— Try it —
Quote every line below exactly and skip any picture.

— Source data —

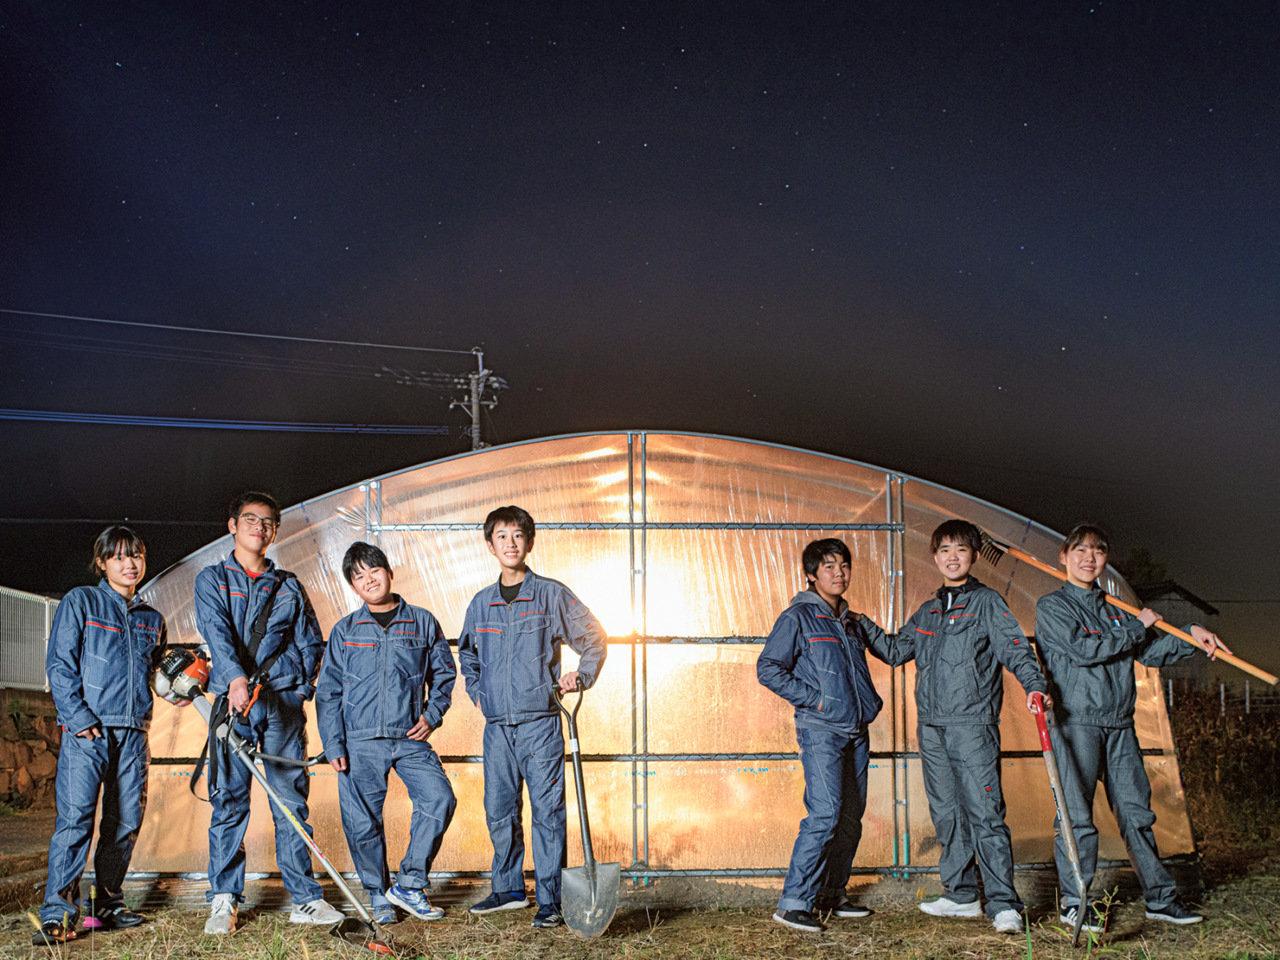 中学生がつくった会社『氷川のぎろっちょ』が挑戦する、「新・ムーンライト伝説」プロジェクト!
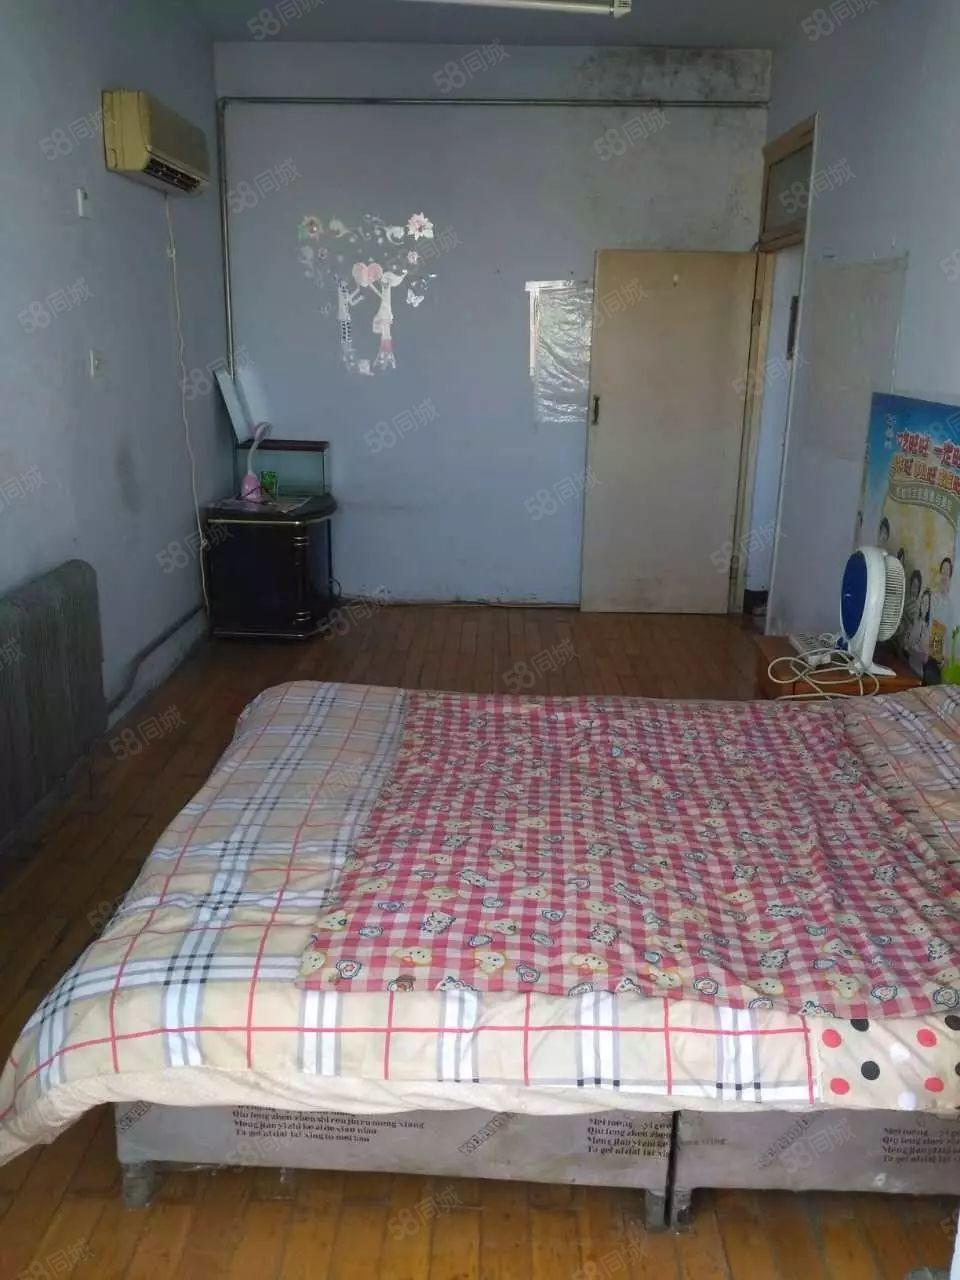 出租乐购后身一室一厅400每月干净
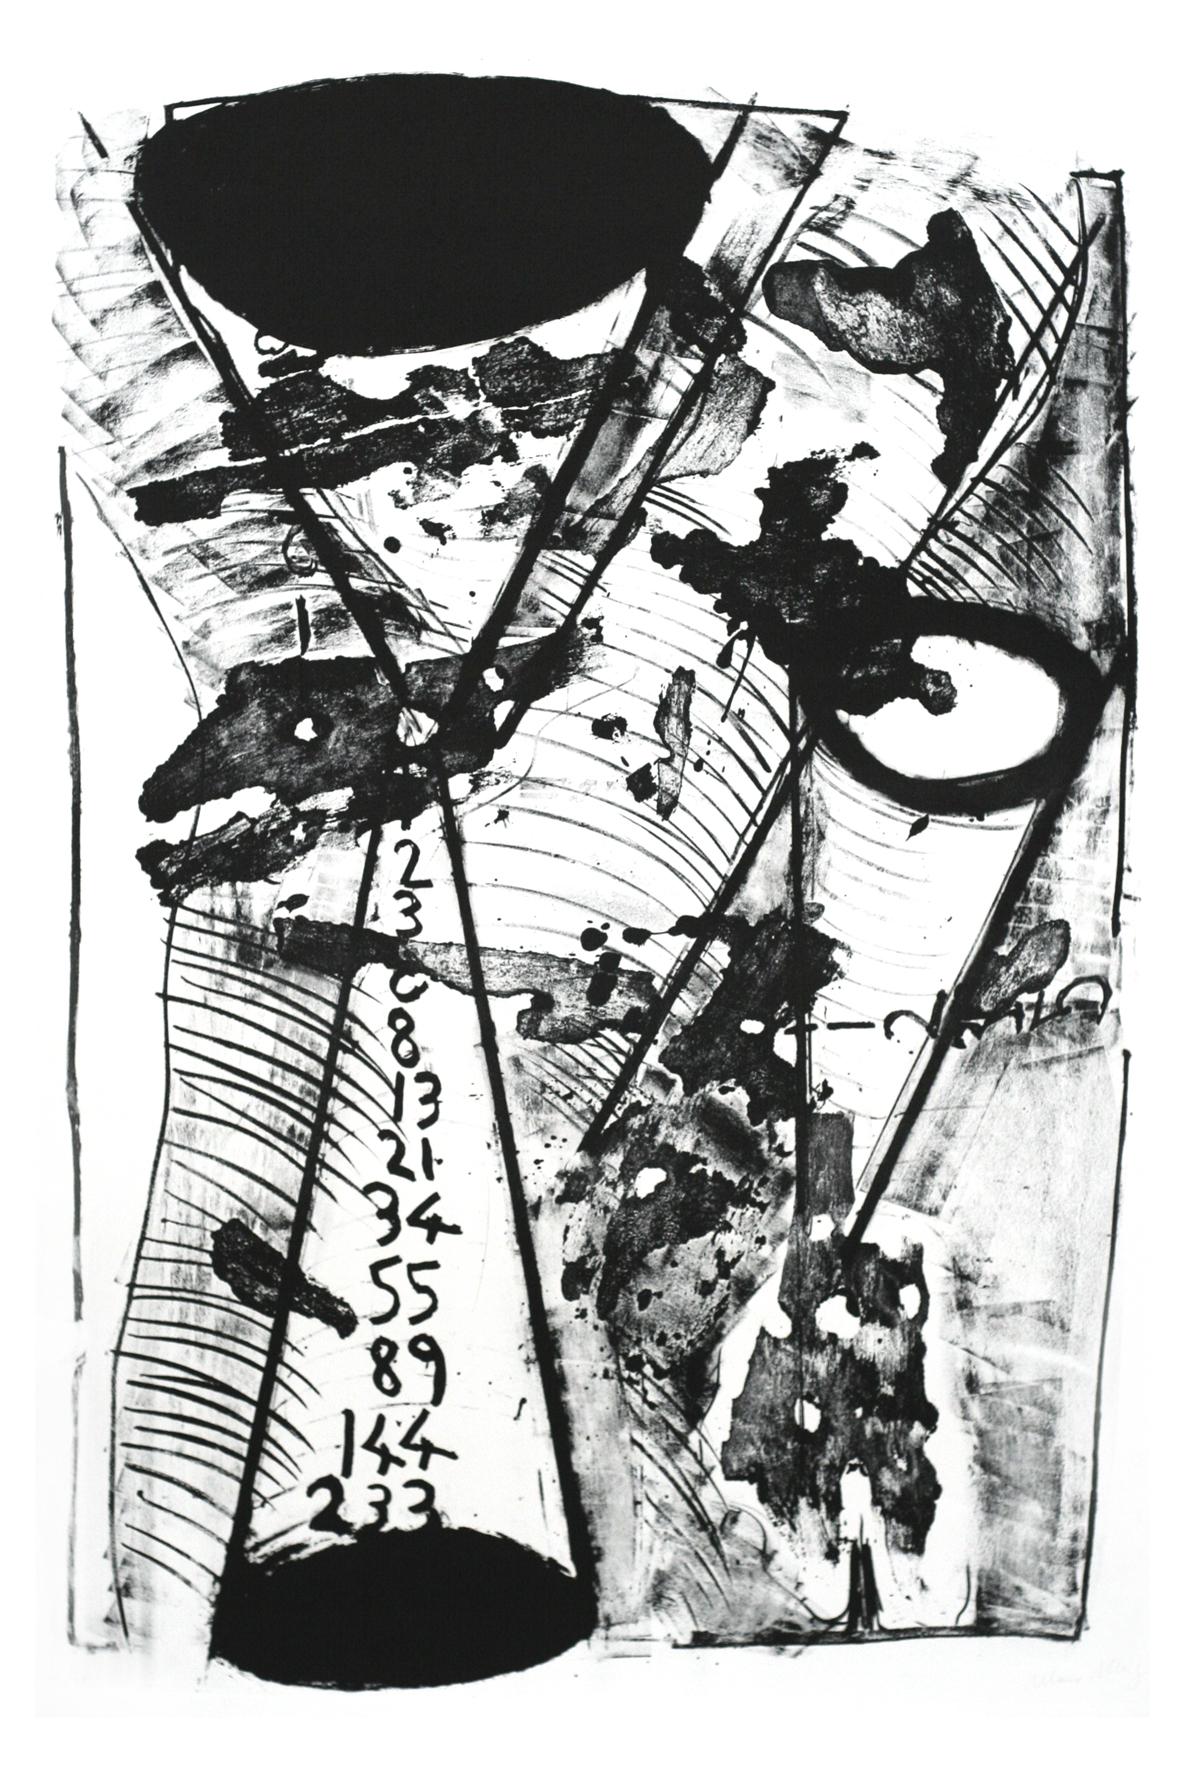 """Mario Merz, """"Sans titre II"""", lithographie,120 x 80 cm, édition sur demande"""
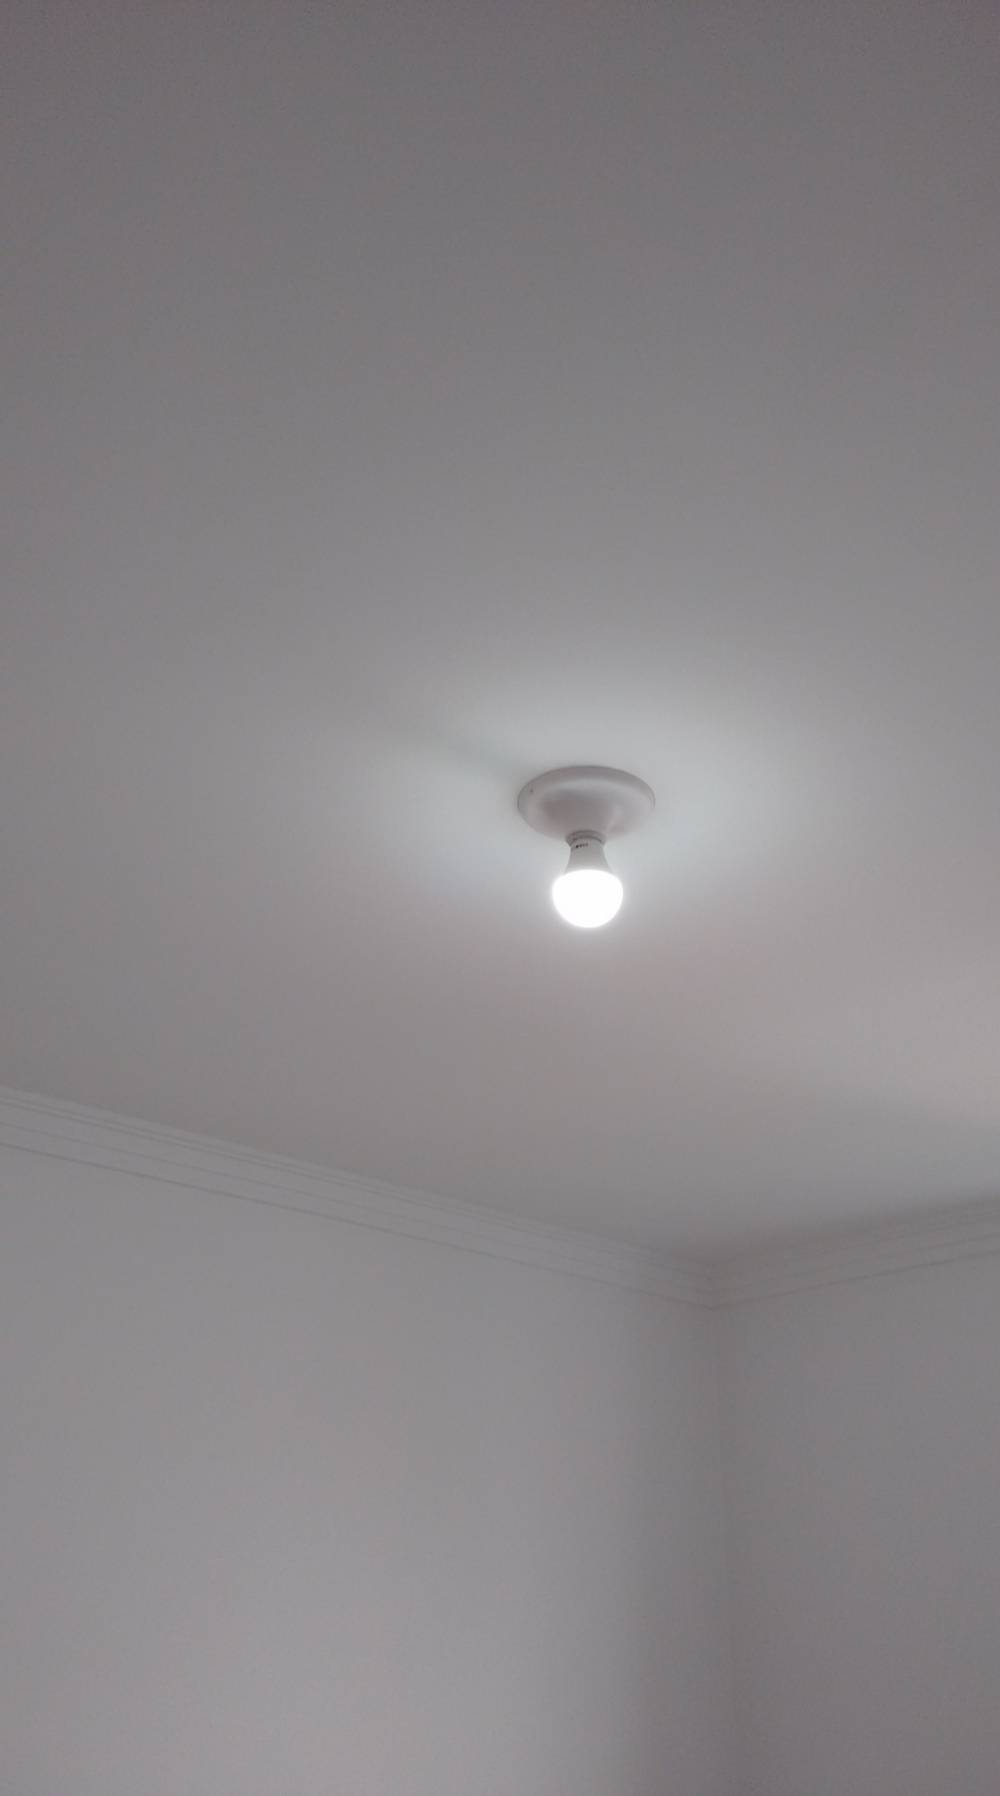 Serviço de Eletricidade Residencial Quanto Custa no Jardim Aurélia - Eletricista em SP

— Written solution —
 中学生がつくった会社『氷川のぎろっちょ』が挑戦する、「新・ムーンライト伝説」プロジェクト!
 出租乐购后身一室一厅400每月干净
 """Mario Merz, """"Sans titre II"""", lithographie,120 x 80 cm, édition sur demande"""
 Serviço de Eletricidade Residencial Quanto Custa no Jardim Aurélia - Eletricista em SP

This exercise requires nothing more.